In virtù del ruolo molto più importante che gli USA rivestono nel sistema internazionale, i policy-maker di Washington sono indotti ad affrontare ogni specifico problema in modo talvolta sgradito agli europei.

Eppure, secondo quanto sostiene G. John Ikenberry, gli Usa sono stati i più impegnati sostenitori delle regole e delle istituzioni multilaterali, ma allo stesso tempo si sono regolarmente rifiutati di farsi coinvolgere negli impegni e negli obblighi istituzionali.
Questa profonda ambivalenza nei confronti del multilateralismo e del governo delle regole si manifesta attualmente nella guerra contro l’Iraq: nel combattere il terrorismo e gli stati canaglia che cercano di dotarsi di armi di distruzione di massa, l’amministrazione Bush ha affermato che gli USA cercheranno di stringere alleanze con i paesi che lo vorranno, ma che, se sarà necessario, agiranno anche senza il consenso delle Nazioni Unite o degli alleati.

Agli occhi della maggior parte del mondo, gli USA hanno di fronte 2 alternative:
1. un mondo in cui gli USA continuano a costruire l’ordine internazionale attorno a regole e istituzioni multilaterali
2. un mondo in cui gli USA iniziano a svincolarsi da queste stesse regole e istituzioni, un mondo basato sulla politica di potenza e sulla ragione del più forte
Tuttavia, Ikenberry sottolinea che, benché alcuni esponenti americani intendano utilizzare la potenza americana per opporsi al multilateralismo e al governo delle regole, la storia insegna che anche gli stati più potenti traggono vantaggio dal sostenere e dall’operare nel rispetto di un sistema internazionale di regole e di istituzioni.
Con la fine della Guerra Fredda e l’assenza di veri rivali geopolitici, gli USA sono in grado di agire da soli, senza sopportare costi eccessivi  il risultato sarà un ordine internazionale più egemonico che multilaterale, basato più sulla forza che sul diritto; il resto del mondo non sarà in grado né avrà la volontà di imporre agli USA restrizioni tali da modificarne la crescente inclinazione unilateralista.
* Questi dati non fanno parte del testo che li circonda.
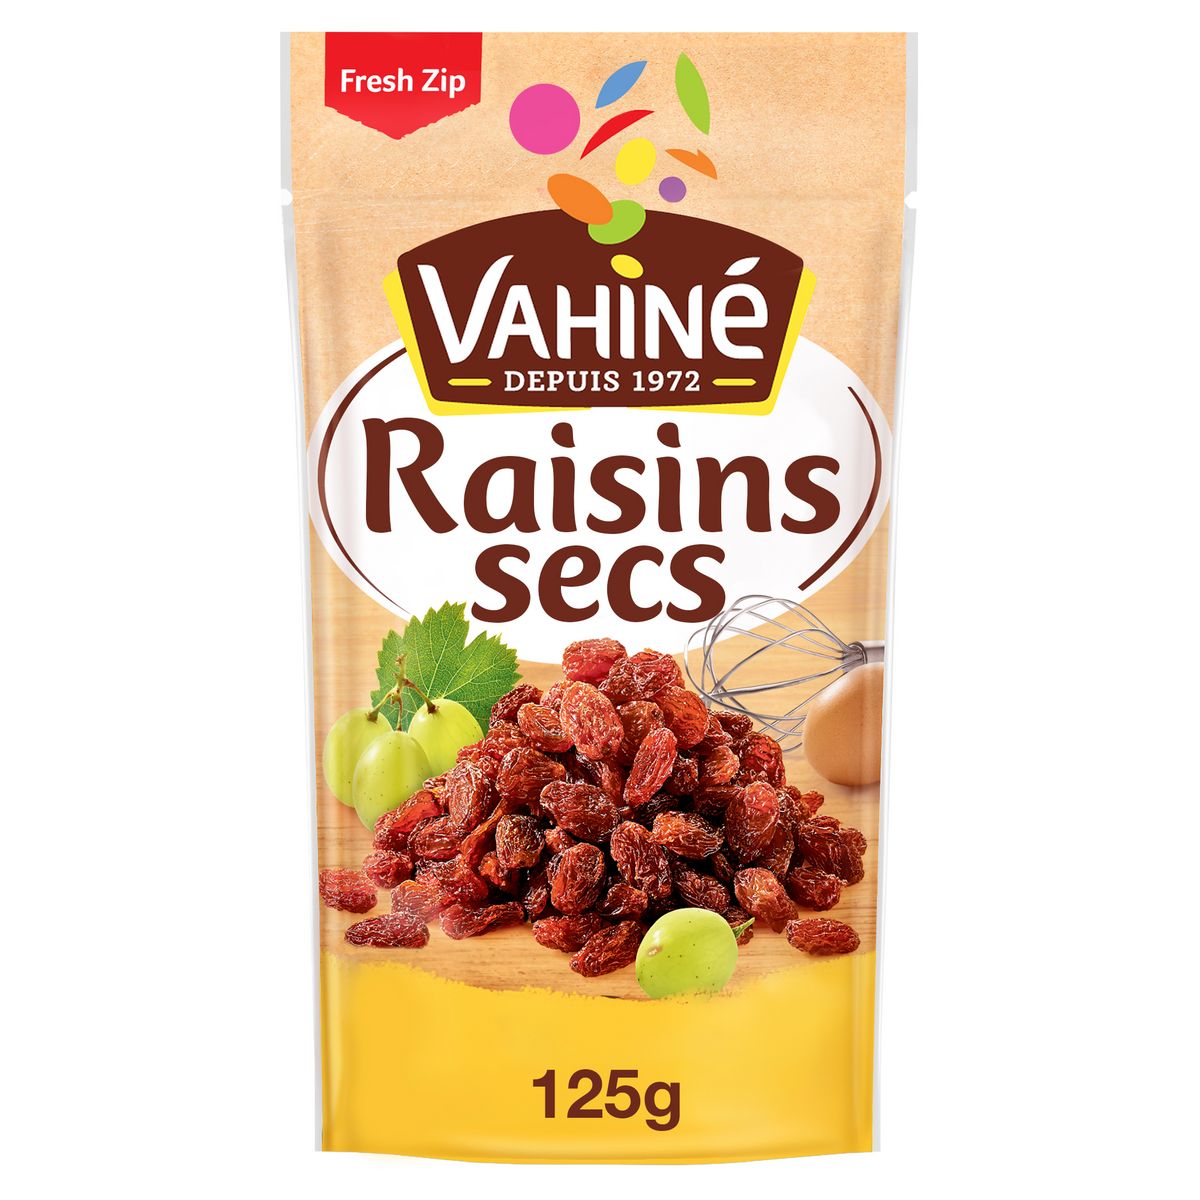 VAHINE Raisins secs 125g

Le crescenti disparità di potere hanno creato inoltre nuove divergenze di interessi fra gli USA e il resto del mondo, cosa che riduce ulteriormente le possibilità di cooperazione multilaterale.
Nonostante tutto ciò, permane una serie di incentivi strutturali che spingono gli USA a sostenere il multilateralismo e un ordine basato sulla condivisione di regole:
interdipendenza economica e multilateralismo: man mano che cresce l’interdipendenza economica globale, cresce anche il bisogno di coordinamento multilaterale delle politiche pubbliche  se questa tendenza continuerà nei prossimi anni, è facile prevedere che la domanda di accordi multilaterali, anche e specialmente da parte degli USA, non diminuirà, ma, al contrario, aumenterà.
In effetti, gli USA richiedono un ambiente economico internazionale in espansione e sempre più complesso; tuttavia, per convincere altri stati a contribuirvi, gli stessi USA devono diventare più integrati in questo sistema di regole e istituzioni
potenza americana e multilateralismo = il sostegno americano al multilateralismo può anche derivare da un interesse strategico di ampio respiro a mantenere il potere e a creare un ordine internazionale stabile e legittimo. Il sostegno al multilateralismo, infatti, è un modo per manifestare la propria moderazione e il proprio impegno di fronte agli altri stati e per incoraggiare la cooperazione di stati più deboli
identità politica e multilateralismo = le origini illuministiche della fondazione degli USA hanno conferito loro un’identità che considera i propri principi politici come se fossero di valore e significato universale

La tradizione democratica repubblicana, che enfatizza il principio della legalità, fornisce un forte sostegno a favore di una politica estera orientata al multilateralismo.